EV, Earned Value Management – What About The 80 20 Rule?

EV and the 80 20 RuleNeeding to use non-linear formula in Earned Value Analysis (EVA) or Earned Value Management, is both right and wrong (in my Humble Opinion!)

First, Earned Value formulas do assume a linear relationship, and frankly, what sort of non-linear relationship would you choose in its place? (I can’t think of one…)

Second, the 80 20 rule is indeed an almost universal rule of nature, but I would say that it generally occurs for ‘open-loop’ nature.
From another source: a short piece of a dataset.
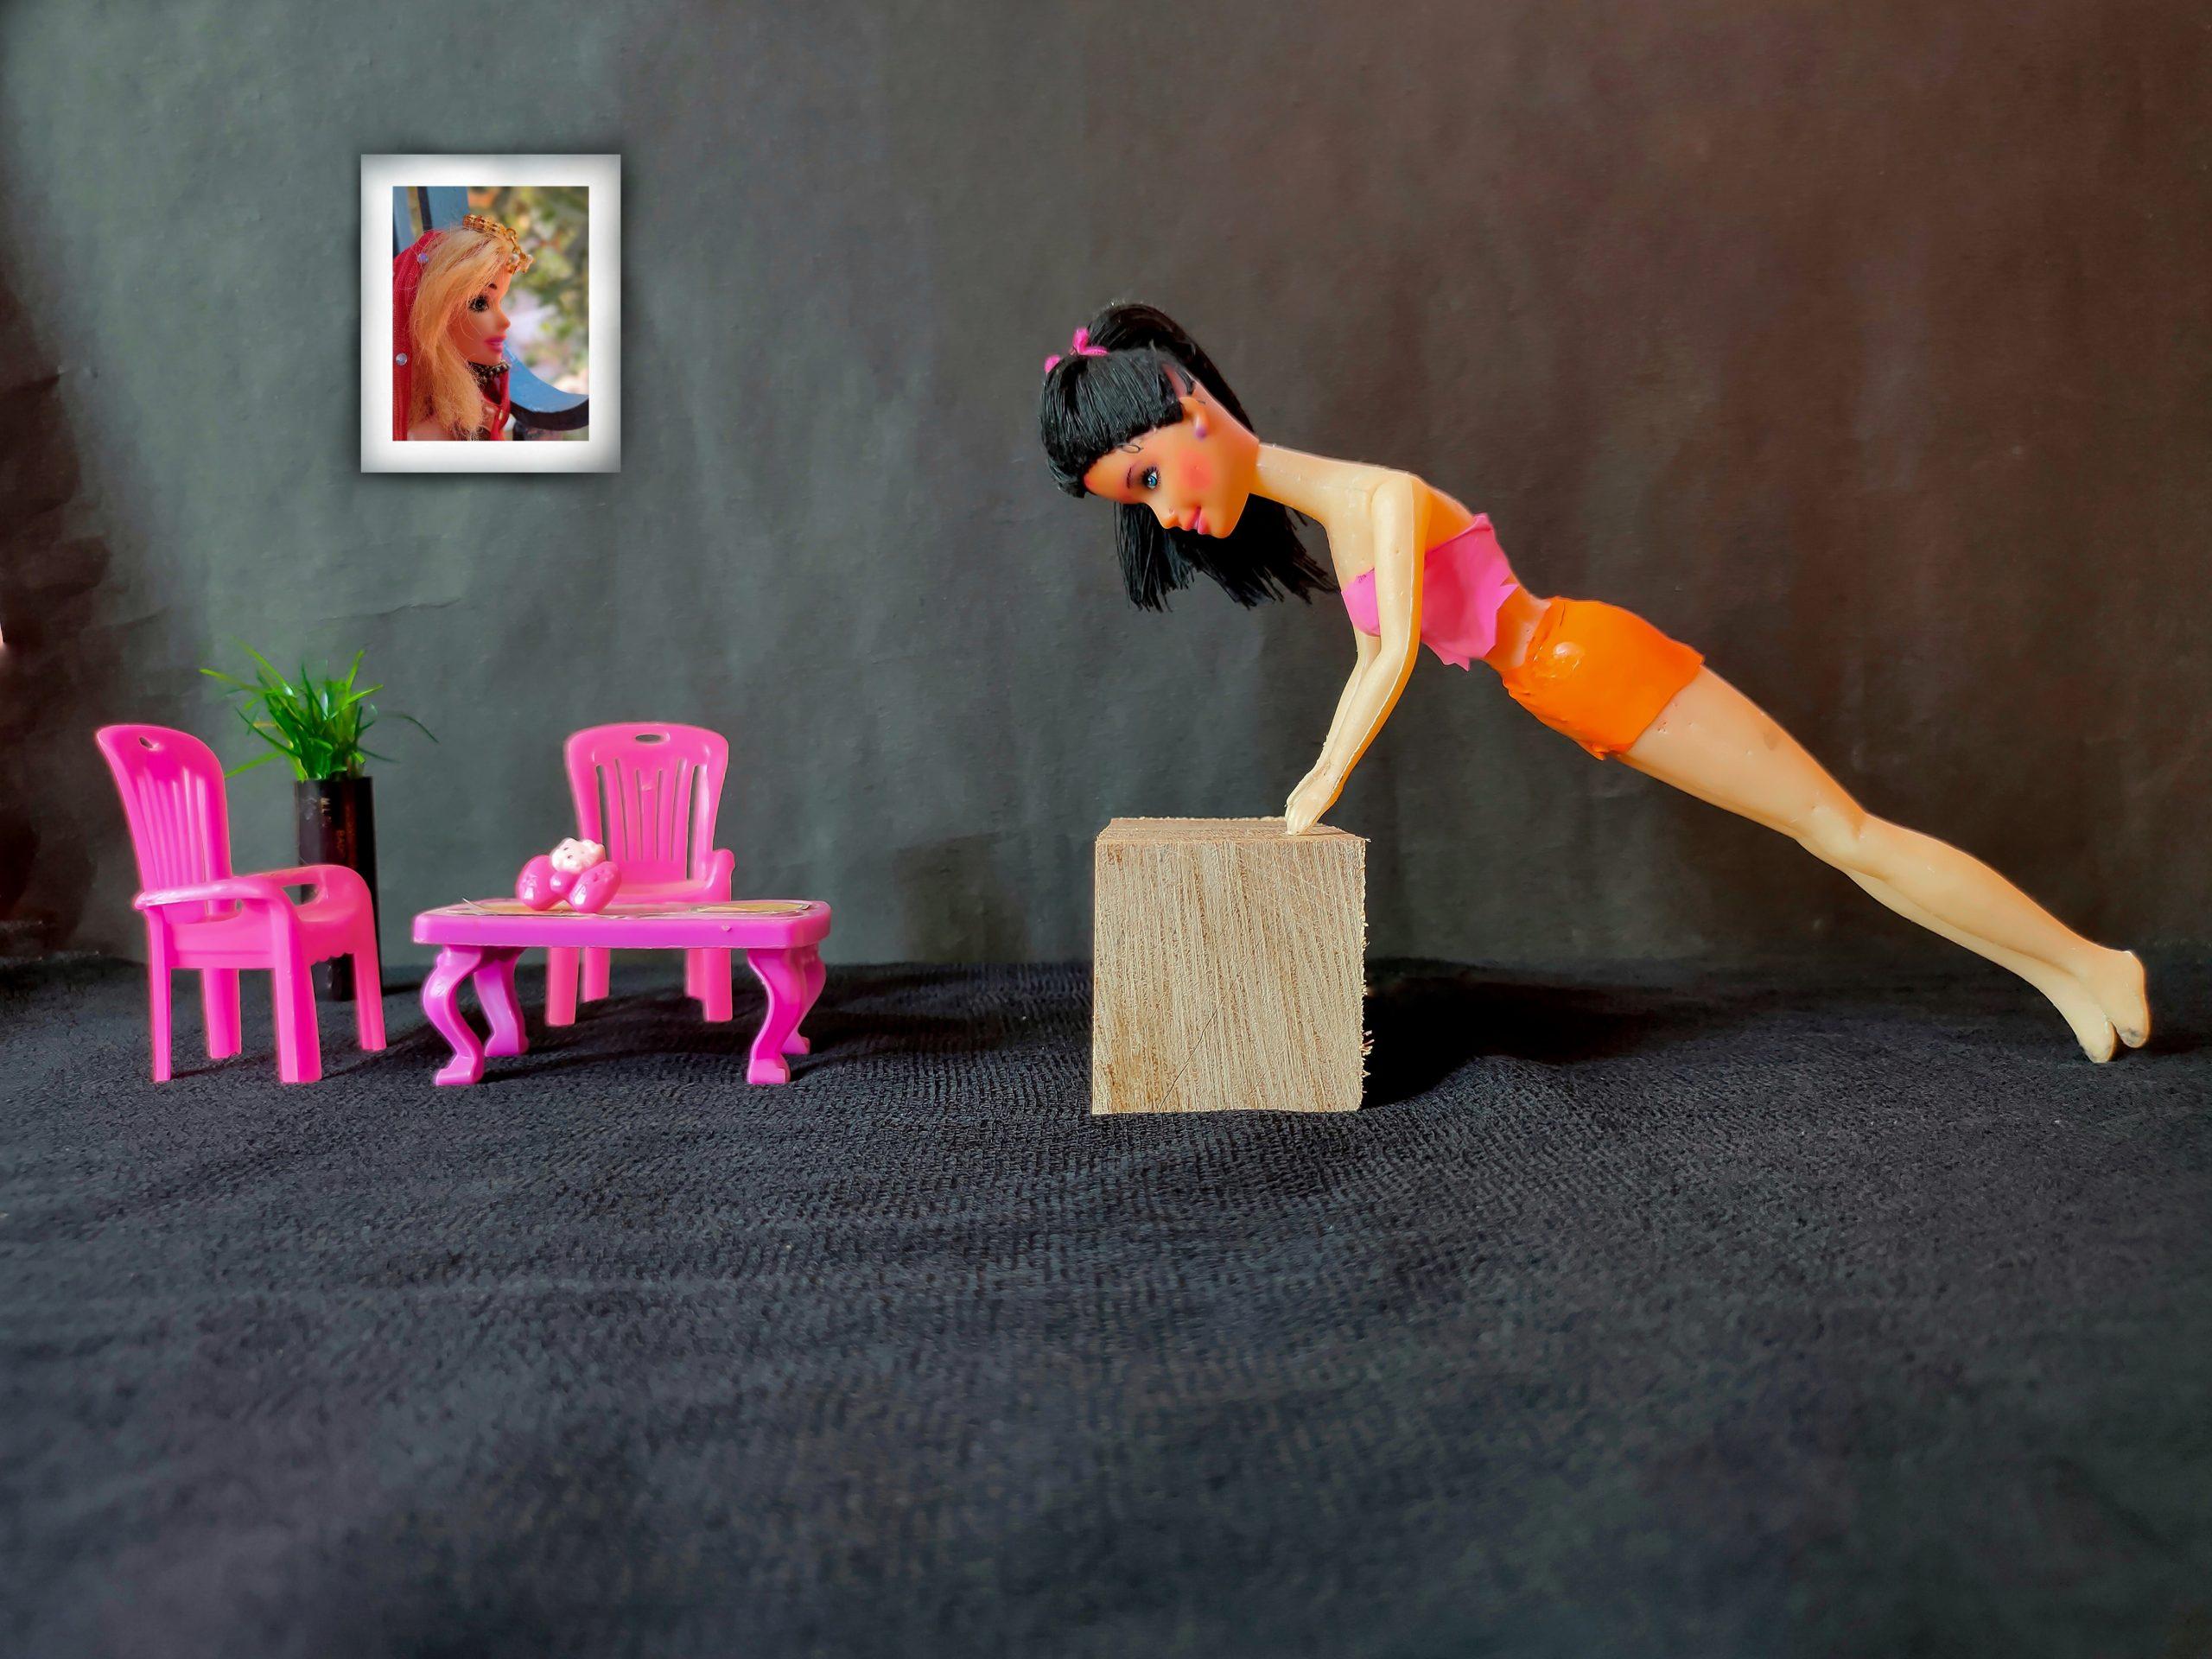 A doll doing pushups

When you have a project manager in the loop, performing good estimating (that’s a topic on its own…), and taking controlling action, the idea is to stop the ‘80% done’ syndrome.

But back to earned value for a moment.

EV – using CPI and SPI Ratios to stop 80 20

The ratios of efficiency and effectiveness used to forecast the EV future are based on work performance thus far, and for a given team, that makes reasonable sense to me. EV also uses cumulative formula to use trends based on past team performance as well, so I continue to believe that the PMP Exam takes the best from EV.

But EV is a powerful tool, but the PMP exam expects you to be able to understand and use the basics – quite right too…

I’m currently knee-deep in creating an Agile Primer, and I’m reminded (just like the PRINCE2 Method), that the 80/20 effect is usually caused by NOT planning and measuring Products/deliverables AND Activities together.

Agile techniques include the powerful Timebox approach where the requirements/product/deliverable/features – call them what you will, are prioritized  so that the Must Have’s are guaranteed and the Should Have’s and Could Haves are expected. Tight control around these ensure that Timebox delivery times never succumb to the 80 20 rule. For the purpose of this article, assume an Agile Timebox is the same as a traditional project’s Work Package.

My final response to an interesting question is that one of the reasons why 80/20 occurs is because at some point during a task, the team/project manager realize they underestimated the WORK EFFORT, at this gets artificially ‘bolted on’ at the task end – thus ‘proving’ the 80 20 rule.

In a better world using both product and task planning for Agile Time-boxes or traditional project Work Packages, a more accurate work plan can be created (and measured/forecasted using EVA). Linear EV will get the job done.

Thinking about the typical situation when 80?20 raises it’s ugly head, is when the team forecasts that they will be finished by a certain date, and the project manager discovers otherwise about 24 hours before the task was due to be completed.

The drivers for this happening are usually:

1. The estimates only used work effort

2. The planning only used task work

3. The correct skill/knowledge/experience for both estimating and delivering were not present on the task!

4. The sub-task deliverables or products AND their quality/acceptance criteria were not established and included in the plan

5. Risks were not considered and managed properly

6. Agreed reporting/audit/reviews were not included within the task – hence the end task 80/20 crisis

So, a very long answer for a simple question. Don’t try to use non-linear formula to second guess human nature, do proper planning at the right level of detail needed for accurate task control, and use Earned Value Management Analysis to assist such control.